Tuesday, January 30, 2007 |
Tech: The Floppy's Demise
When Apple launched its 3 1/2" floppy as standard issue with the new Macintosh computer in 1984, it seemed revolutionary at the time, eliminating the need for the sleeve. Only a few years later, everyone had switched to dual-sided, 800 kB disks, and in 1987, both were replaced by the 1.44 MB disk that has remained the standard ever since.
The last gasp for these formats were the various magneto-optical drives, all of which ultimately failed, and the Zip drive, which had a brief flowering in the late 90's; but various technical problems and the plummeting cost of CD-R drives and media (a good CD-R burner in 1993 would set you back around $5,000, but by decade's end, they were no more than $200 or so) killed all of them. The first death knell really came with the floppyless iMac, in 1998; Dell followed suit five years later by announcing the end of floppies as a standard item.
Two weeks ago, I was at Fry's in Fountain Valley, idly looking for the old drives; the pile was now a tiny corner, and I expect soon, even that redoubt of the hard-core geek won't carry them.
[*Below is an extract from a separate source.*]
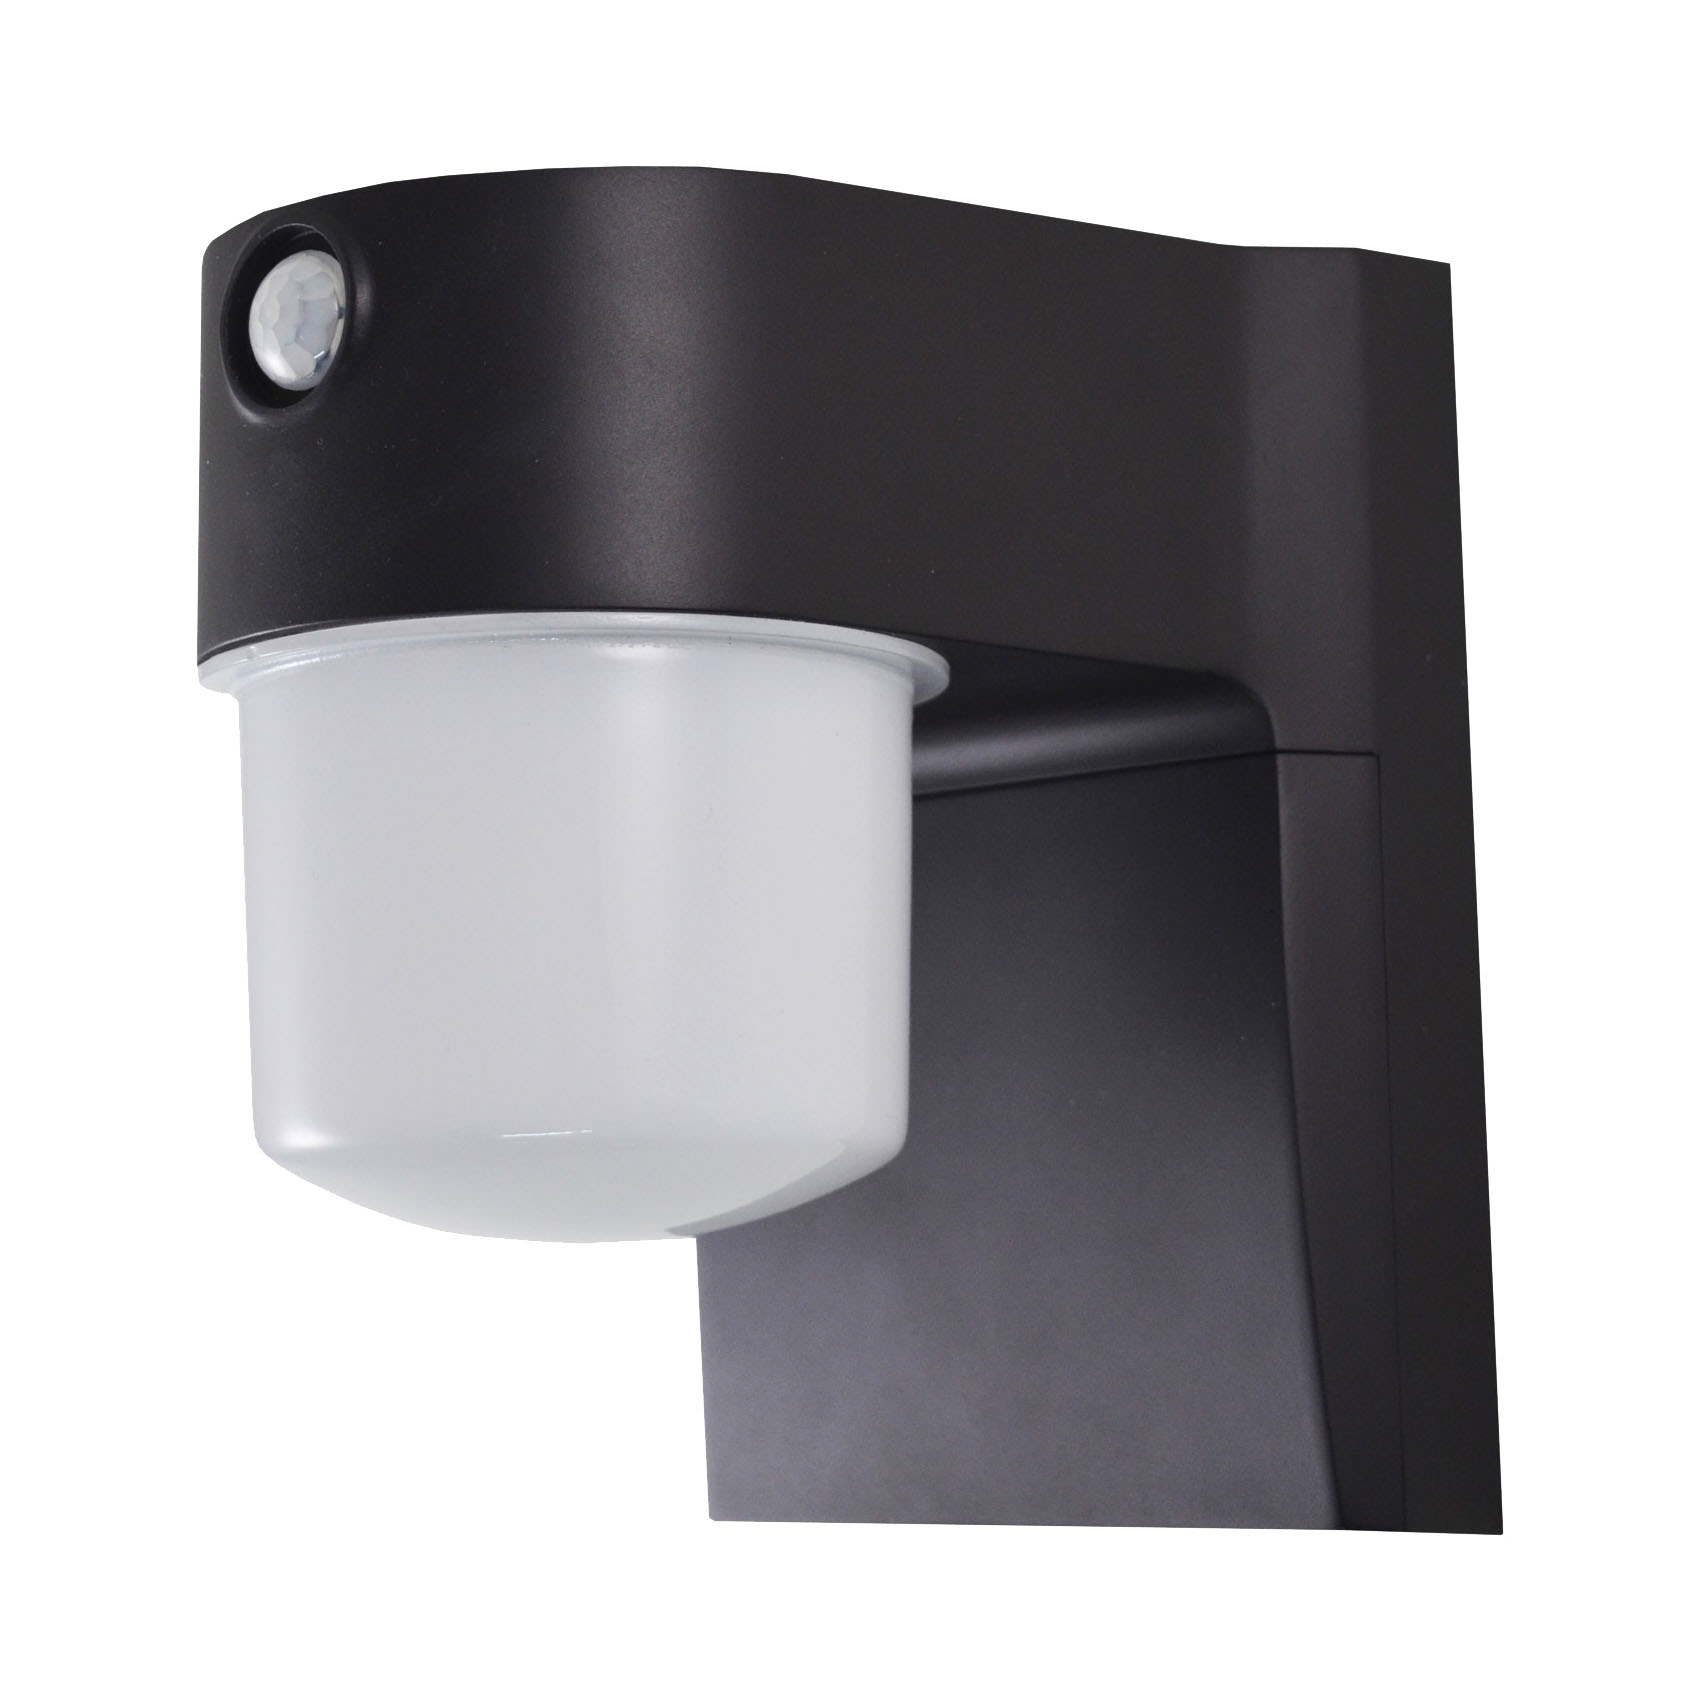 O-JJ-700-MB Security Light, 120 V, 9 W, 1-Lamp, LED Lamp, Bright White Light, 700 Lumens, 4000 K Color Temp

You'll have to head over to the electronics salvage yards to get the drives, and good luck finding new media. It seems epochal; yet just the other day I was lamenting just how little storage there is on a 4.7 GB DVD-R disk. When I was in high school, a tape containing 20 MB seemed to have more than a man would ever need. In the room next door, my wife's studio has over a terabyte of storage, and even that looks tiny when one Seagate drive holds 750 GB. Zowie.
Labels: tech
I know nothing about technology, but this is irritating to me. Maybe it's a metaphor for the way we live. It just seems to me that if space is expanding, we shouldn't keep running out of it.
I'm sorry if the pace of advancing techology is frustrating to you, really I am. But it's the other way around, and frustrating too, for some of us, 'cause we're still hoping it goes faster, since we've got things in mind that computers should be able to do soon, but can't yet.